# Preachers are born, not made.



## JOwen (May 6, 2010)

These are Lloyd-Jones' words in his Preaching & Preachers, but I happen to agree with them. In this regard I have republished The Forgotten Exercise on my blog Old Paths Paved. 
I plan on publishing a follow up post on the historicity of this forgotten reformed practice, thanks in part to our own VirginiaHuguenot, a research master.

You can read the article here.


----------



## SemperEruditio (May 6, 2010)

I have to agree. I know many men who are very apt at speaking eloquently, they are very capable of moving the hearts of men with their words, they can with a gesture engender a magnificient response...but they are no preachers. They are incapable of exegeting the simplest of text and result to allegorizing in hopes of giving the impression of philosophical or theological depth but what they prove is a scriptural shallowness. I believe this is one of the reasons that we see so much of topical preaching in evangelical circles because laboring over, expounding, rightly interpreting the text to their congregation proves too much so extras are used and in this case the extras become other text which are strung together with no interpretation but merely giving the appearance of being biblical.
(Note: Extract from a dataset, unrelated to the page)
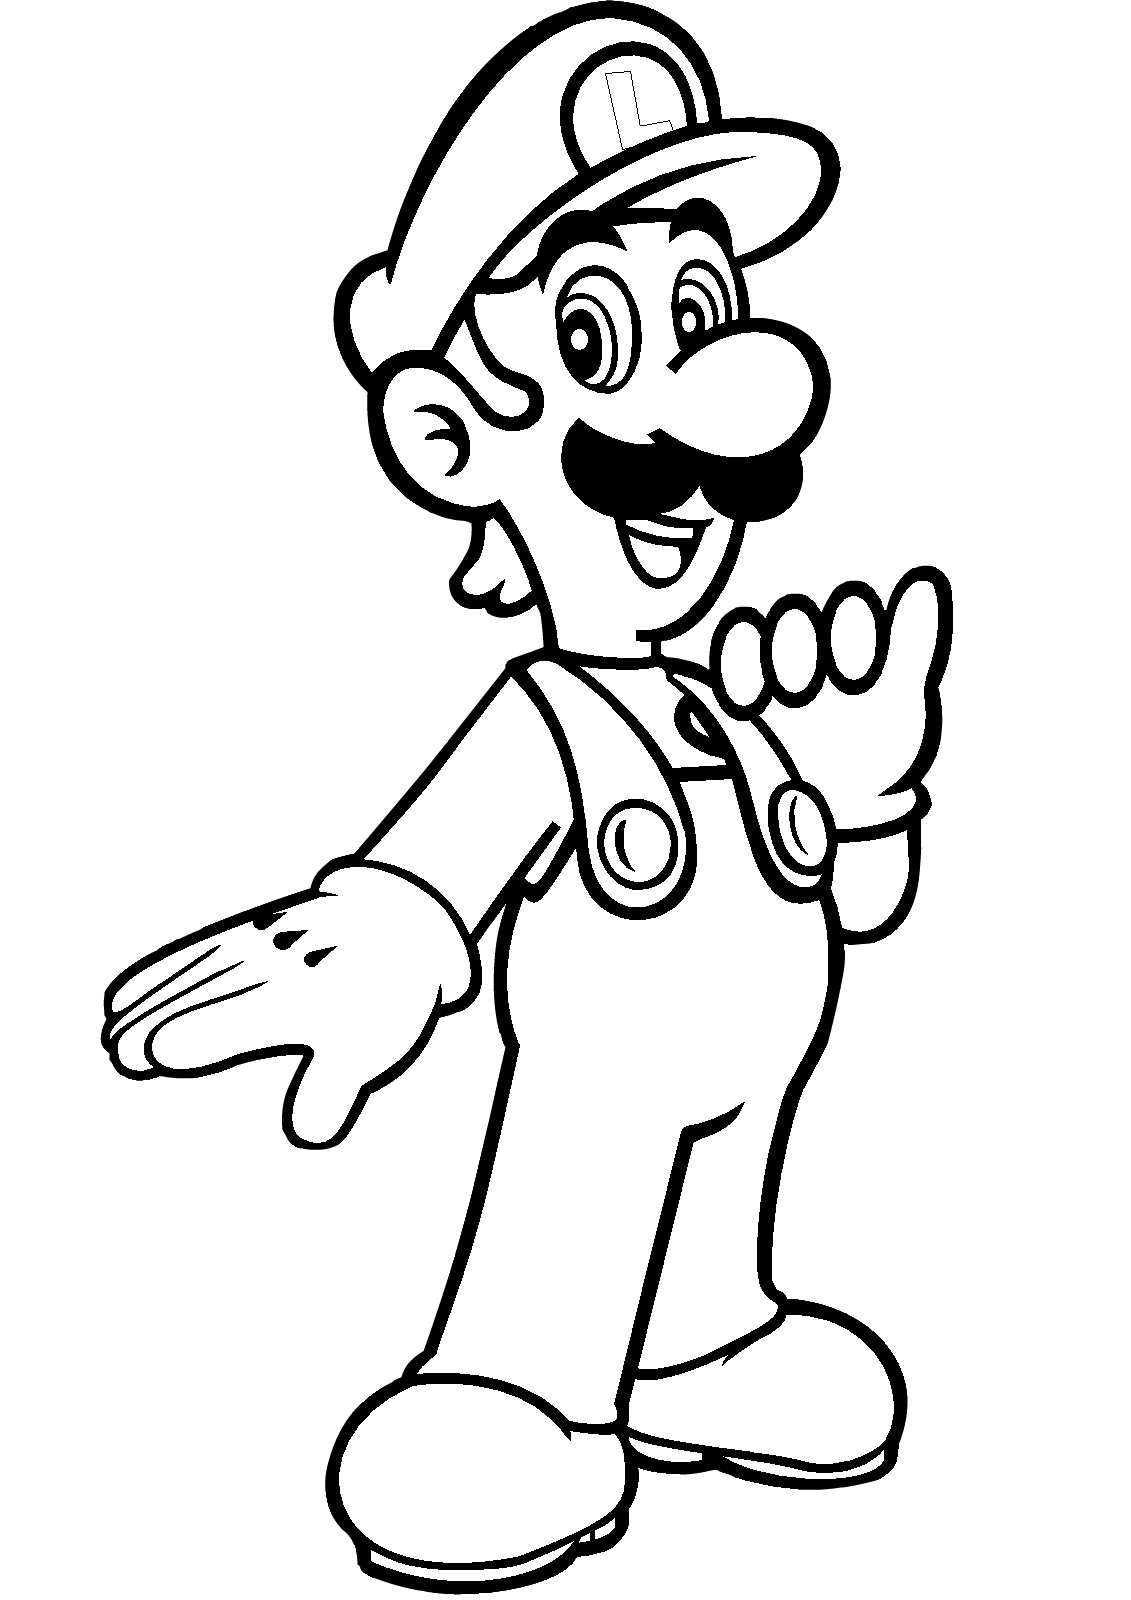 Luigi Mario Bros Coloring Pages Slim and Tall Luigi in Green Color Outfit

I also believe the idea is biblical that men should be called based on their ability to exegete the text versus having graduated seminary.


----------



## JOwen (May 6, 2010)

I think Lloyd-Jones would call these men pulpiteers. Long on talent, short on actual preaching.


----------



## yoyoceramic (May 6, 2010)

Very interesting distinction Frank. Thank you - I was edified by your comments.


----------



## ADKing (May 6, 2010)

I agree that you cannot make someone into something God has not called him to be. Absolutely! But it is worth noting too that no one is "born" a preacher in the sense of having it as a natural ability like an apptitude for art or music. God gifts men for the ministry sometimes from birth (like Jeremiah?) and in some cases the equipping and gifting comes long after birth.


----------